PROBLEM TO WORK ON: Looking at the listing below, retype exactly the lines starting at the one containing "2f544f8b690e ... Billi" and ending at the one containing "Hello Makan Lebih", both included, and nothing else.

STUDY MATERIAL:
= Beginning of Section =

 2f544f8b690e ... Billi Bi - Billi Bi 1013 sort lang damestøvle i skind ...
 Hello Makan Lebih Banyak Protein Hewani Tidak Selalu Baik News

= End of Section =
= Beginning of Section =

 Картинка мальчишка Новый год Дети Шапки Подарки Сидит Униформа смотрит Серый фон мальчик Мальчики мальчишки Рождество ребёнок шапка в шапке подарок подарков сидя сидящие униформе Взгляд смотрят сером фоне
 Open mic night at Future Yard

= End of Section =
= Beginning of Section =

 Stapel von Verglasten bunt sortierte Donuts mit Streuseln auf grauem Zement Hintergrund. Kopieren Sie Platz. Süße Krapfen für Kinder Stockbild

= End of Section =

RESPONSE TO THE TASK:
 2f544f8b690e ... Billi Bi - Billi Bi 1013 sort lang damestøvle i skind ...
 Hello Makan Lebih Banyak Protein Hewani Tidak Selalu Baik News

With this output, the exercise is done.